The iodinated[ Tyr⁰]-CNP_(1-22) was prepared as the same method of ANP described previously.²⁴ ²⁵ In brief, 5 μg of synthetic[ Tyr⁰]-CNP_(1-22) (Peninsula, Belmont, CA) were introduced into a vial containing 25 μl of 0.5 M phosphate-buffered saline (pH 7.4) followed by the addition of 1 mCi of Na¹²⁵I (Amersham, Little Chalfont, UK). Chloramine-T (10 μg per 10 μl) was added to the reaction vial and mixed gently, and 30 seconds later, the reaction was terminated by bovine serum albumin (BSA) solution (60 mg/200 μl).

The reaction mixture was immediately applied to an elution column (Sephadex G-25; Sigma, Poole, UK) and eluted with 0.1 M acetic acid containing 0.3% BSA, 0.3% lysozyme, 0.1% glycine, and 200 Kallikrein inhibiting units per milliliter aprotinin. The iodinated[ Tyr⁰]-CNP_(1-22) was repurified by reversed-phase HPLC on an elution (μBondapak) column with a linear gradient of 20% to 60% acetonitrile in 0.1% TFA. The specific activity of ¹²⁵I-[Tyr⁰]-CNP_(1-22), measured by radioimmunoassay (RIA),²⁶ was approximately 1700 Ci/mmol.

RIA of NPs

The concentration of CNP in tissue extracts was measured by RIA, as described elsewhere.²³ ²⁵ Briefly, the lyophilized samples were reconstituted with phosphate buffer (pH 7.4) containing 50 mM NaCl, 0.1% BSA, 0.1% Triton X-100, and 0.01% sodium azide. After incubation with anti-CNP antibody (Peninsula) for 24 hours at 4°C, approximately 15,000 cpm of ¹²⁵I-[Tyr⁰]-CNP_(1-22) was added, and samples were incubated again for another 24 hours at 4°C. The separation of the unbound fraction was achieved by the addition of the second antibody. The 50% intercept was at 79.0 ± 14.2 pg/tube (n = 5). The intra- and interassay coefficients of variation were 6.9% (n = 6) and 4.4% (n = 10), respectively. Cross-reactivity with ANP was less than 0.01%, and no cross-reactivity with BNP was observed.
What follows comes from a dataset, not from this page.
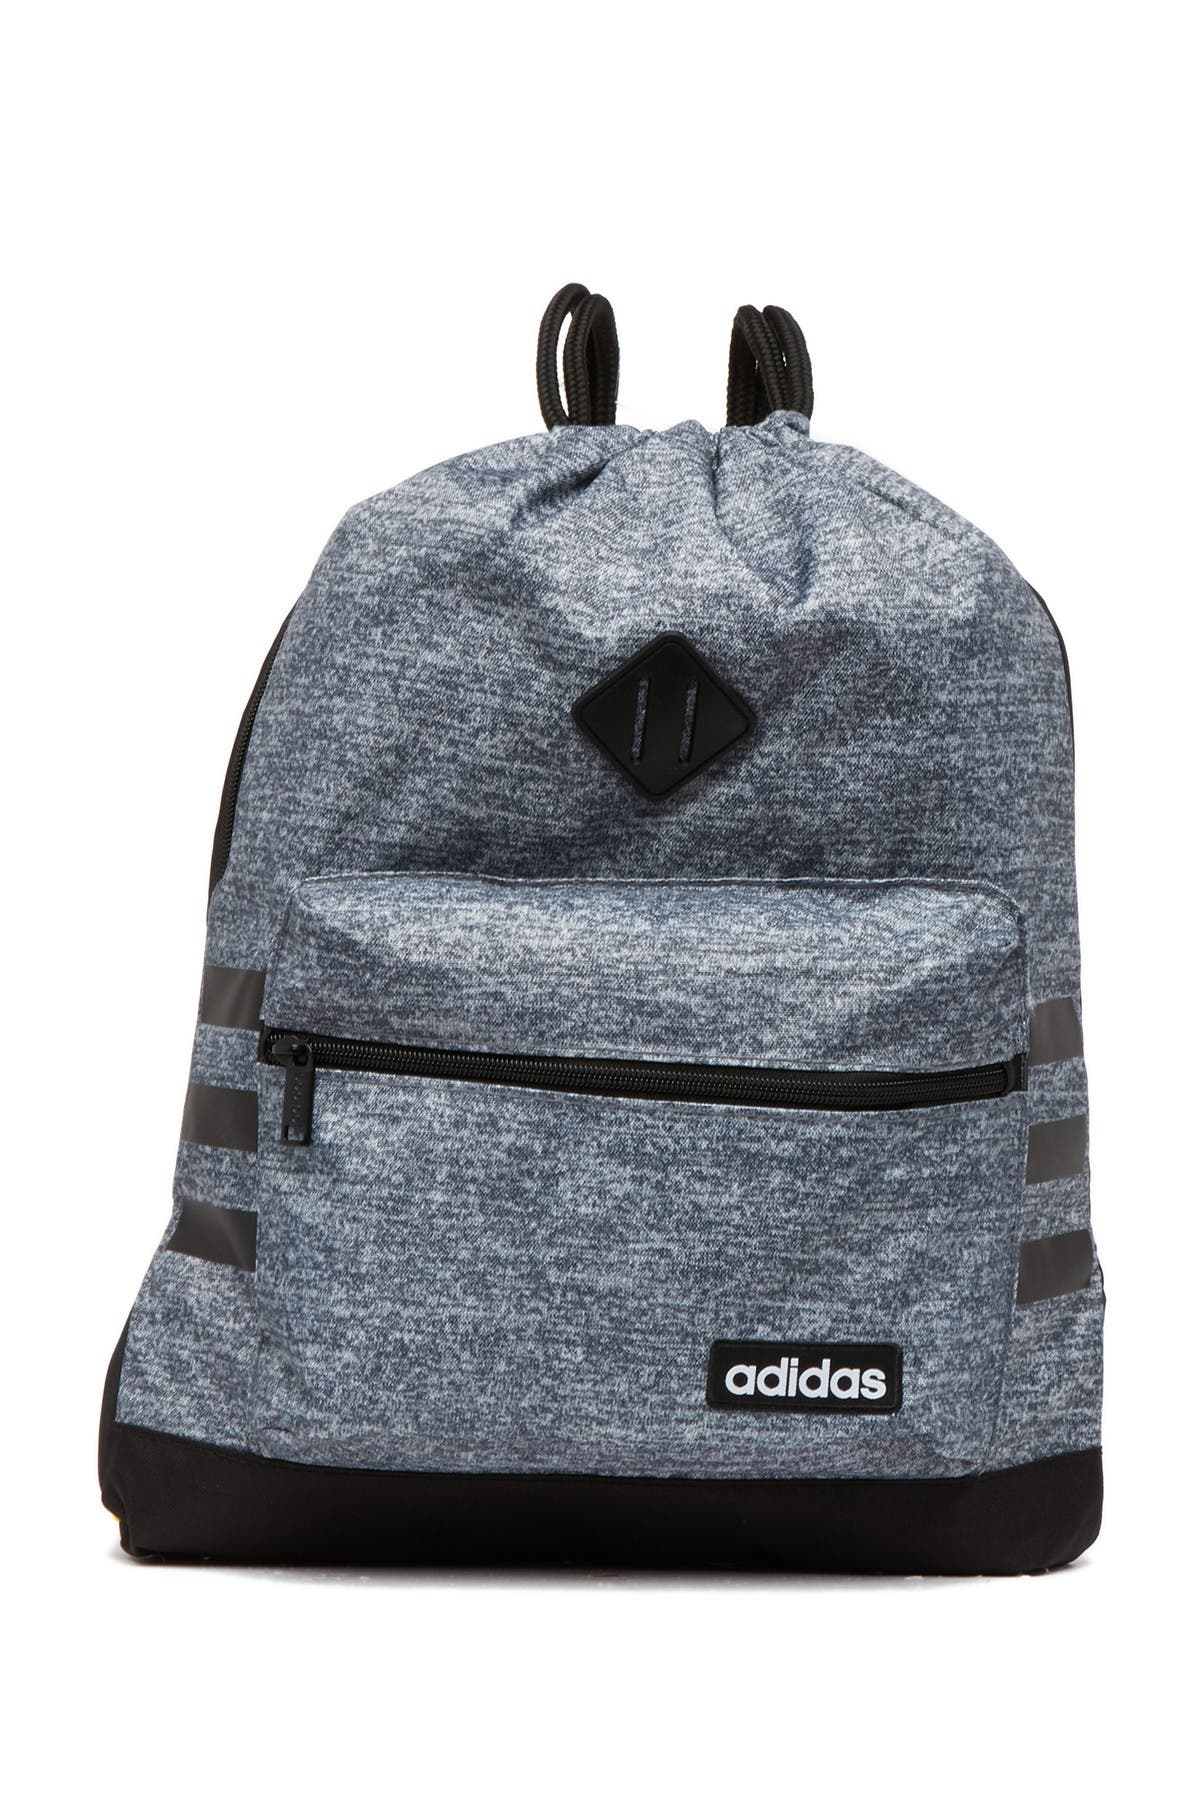 Adidas Originals Classic 3s Sackpack In Medium Grey

RIA for the measurement of ANP was performed as described previously.²⁴

RT-PCR of mRNAs for NPs and NPRs

Reverse transcription–polymerase chain reaction (RT-PCR) was performed as described previously.²⁵ Total RNA was extracted from the cornea using TRI reagent (MRC, Cincinnati, OH) according to the manufacturer’s protocol. Total RNA concentrations were quantitated by UV spectrophotometry. One microgram of mRNA was suspended in 20 μl RT buffer containing 10 mM Tris (pH 8.3); 50 mM KCl; 5 mM MgCl ₂; 1 mM each of dATP, dCTP, dGTP, and dTTP; 20 U RNase inhibitor; 2.5 μM random hexamers; and 150 U Moloney leukemia virus reverse transcriptase (Perkin Elmer, Branchburg, NJ). mRNA was reverse transcribed at room temperature for 10 minutes and at 42°C for 30 minutes. The reaction was stopped by heat inactivation for 5 minutes at 99°C and then chilled on ice. cDNA products were amplified by PCR with sense and antisense primers.

For CNP, two sets of primers were used: the first round of PCR was performed with a set of CNP primers of large size with 10 μl RT-PCR product as a template. A set of CNP primers of small size was designed within internal sites from the RT-PCR product of CNP primers of large size and was used in the second round of PCR with 5 μl of the first round PCR product. The primer sets were ANP sense 5′-ATGGGCTCCTTCTCCATCACCAAGGGCTTC-3′ (1-30) and ANP antisense 5′-AGGGCCAGCGAGCAGAGCCCTCAGTTTGCT-3′ (334-363); CNP sense (small size) 5′-CTCTCCCAGCTGATCGCCTG-3′ (7–26) and CNP antisense (small size) 5′-TAACATCCCAGACCGCTCAT-3′ (361–380); CNP sense (large size) 5′-TGGCAATCCTGCTCTGCAACCG-3′ (−88 to −67) and CNP antisense (large size) 5′-CGTTGGAGGTGTTTCCAGATGCTGG-3′ (449–473); NPR-A sense 5′-AAGAGCCTGATAATCCTGAGTACT-3′ (1159–1182) and NPR-A antisense 5′-TTGCAGGCTGGGTCCTCATTGTCA-3′ (1586–1609); and NPR-B sense 5′-AACGGGCG CATTGTGTATATCTGCGGC-3′ (730–756); and NPR-B antisense 5′-TTATCACAGGATGGGTCGTCCAAGTCA-3′ (1395–1421).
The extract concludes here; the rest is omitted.